Commanders and leaders
- Guillaume Brune; Balthazar Alexis Henri Schauenburg; Philippe Romain Ménard [fr];: Karl Ludwig von Erlach X; Alois von Reding;

Strength
- At least 35,000: 20,000 (Bern) 10,000 (Schwyz, Nidwalden and Uri)

Casualties and losses
- Unknown: 700 (Bern)

= French invasion of Switzerland =

1798 invasion during the French Revolutionary Wars

The French invasion of Switzerland (Franzoseneinfall) occurred from January to May 1798 as part of the French Revolutionary Wars. The independent Old Swiss Confederacy collapsed from the invasion and simultaneous internal revolts called the "Helvetic Revolution". The Swiss ancien régime institutions were abolished and replaced by the centralised Helvetic Republic, one of the sister republics of the French First Republic.

== Background ==
Before 1798, the modern canton of Vaud belonged to the canton of Bern, to which it had a subject status. Moreover, the majority of the Francophone Vaudois felt oppressed by German-speaking Bern. Several Vaudois patriots such as Frédéric-César de La Harpe advocated for independence. In 1795, La Harpe called on his compatriots to rise up against the Bernese aristocrats, but his appeal fell to deaf ears, and he had to flee to Revolutionary France, where he resumed his activism.

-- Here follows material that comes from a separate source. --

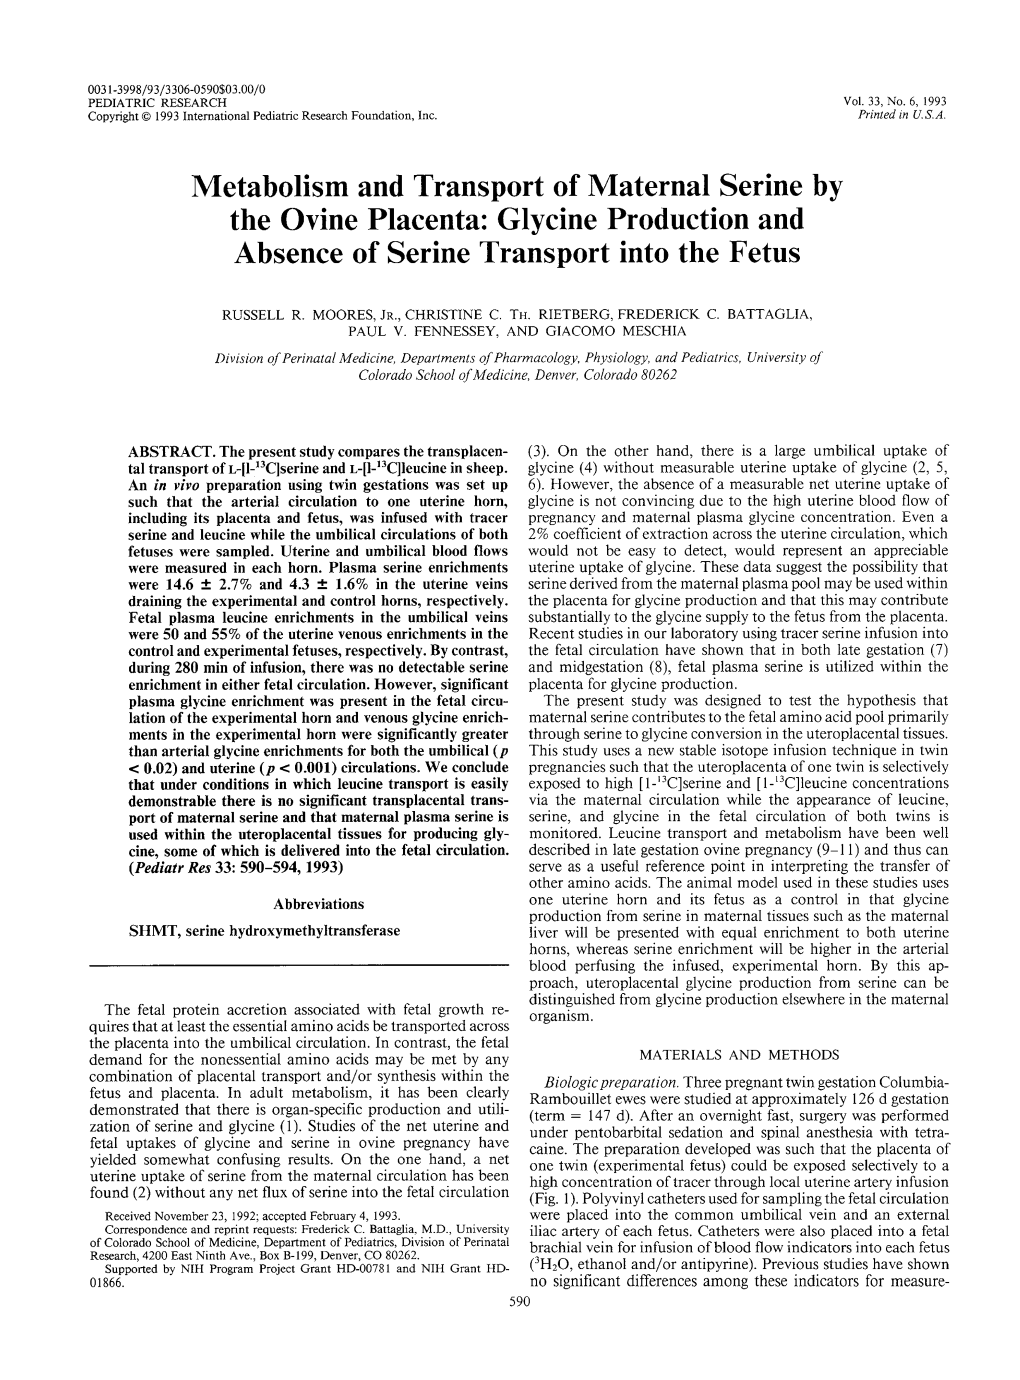 Metabolism and Transport of Maternal Serine by the Ovine Placenta: Glycine Production and Absence of Serine Transport Into the Fetus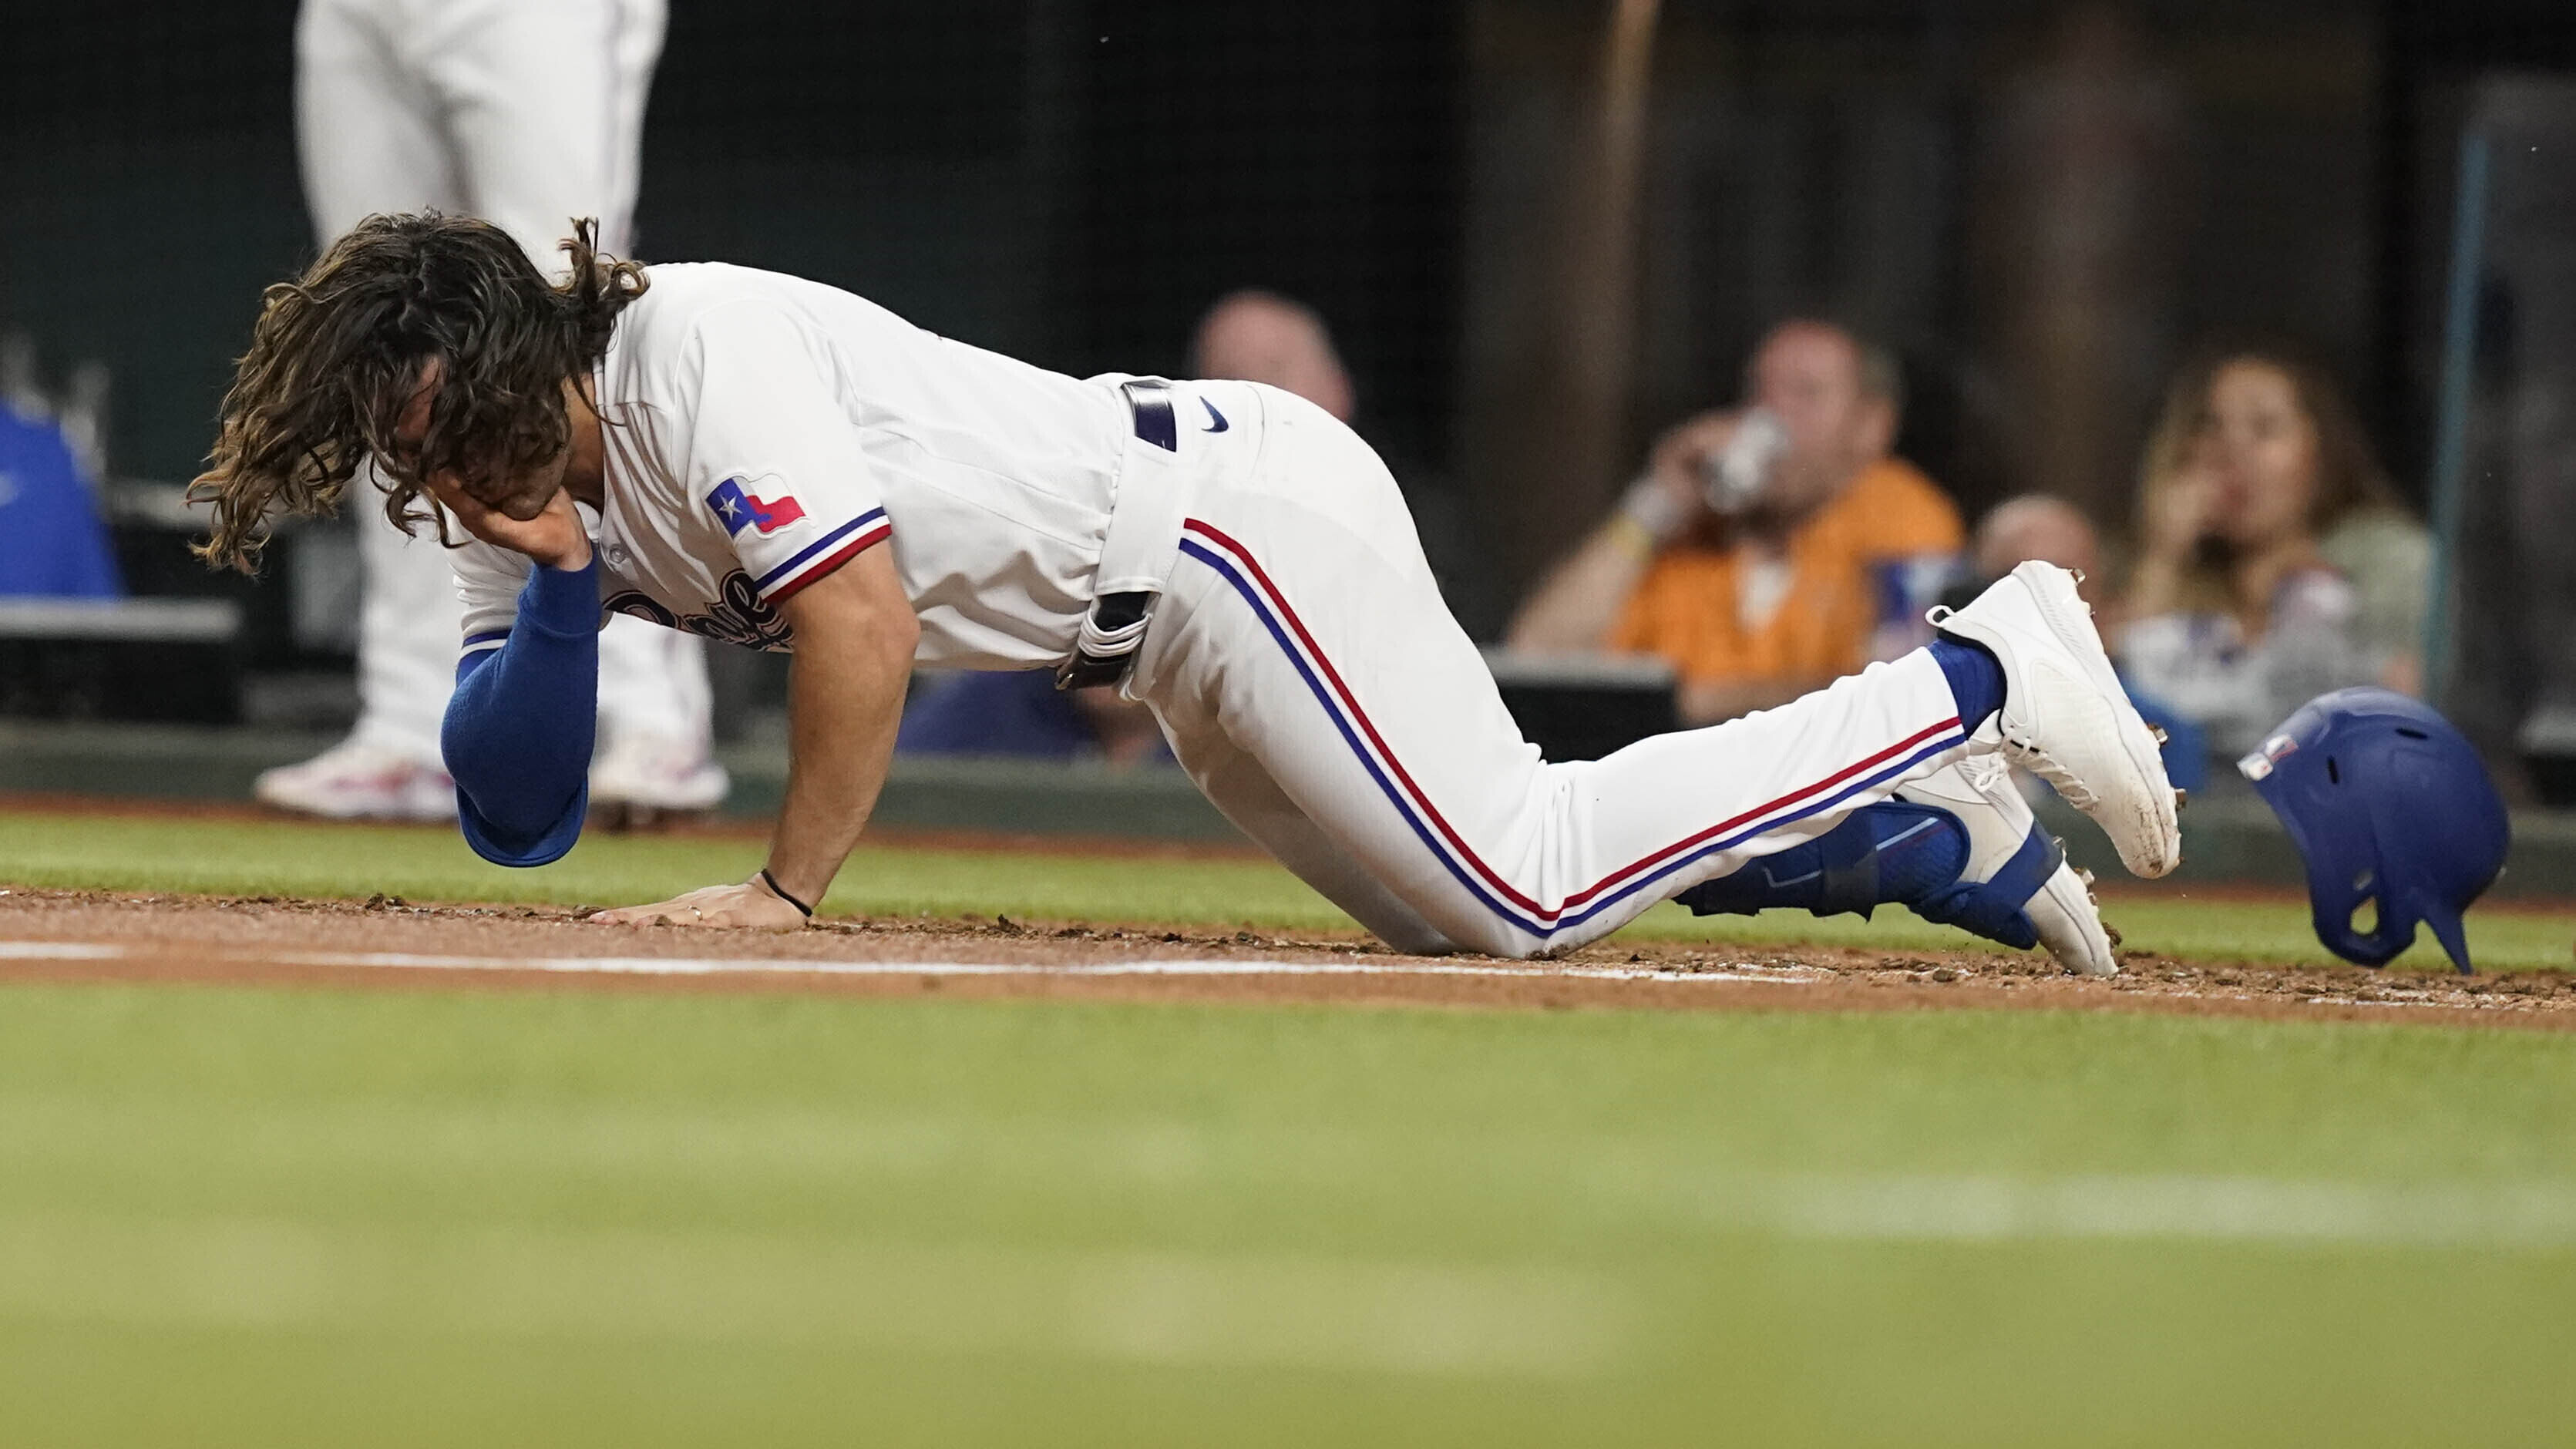 Josh Smith of the Texas Rangers falls after being hit in the face by a pitch during the third inning of a baseball game against the Baltimore Orioles in Arlington, Texas, Monday, April 3, 2023. (AP Photo/LM Otero)

In late 1797, French general Napoleon Bonaparte, who had just successfully conquered northern Italy and founded the Cisalpine Republic, pressed the French Directory to occupy Switzerland. France's main goal in the invasion was securing access to northern Italy via the Alpine passes, with supplying its war effort and using the military potential of Switzerland as secondary objectives. Due to internal political and social upheaval, the Confederacy could neither reach an arrangement with France nor organize resistance. In September 1797, Switzerland's situation was further aggravated by the removal of François Barthélemy from the Directory, who had defended a position favorable to the Confederacy.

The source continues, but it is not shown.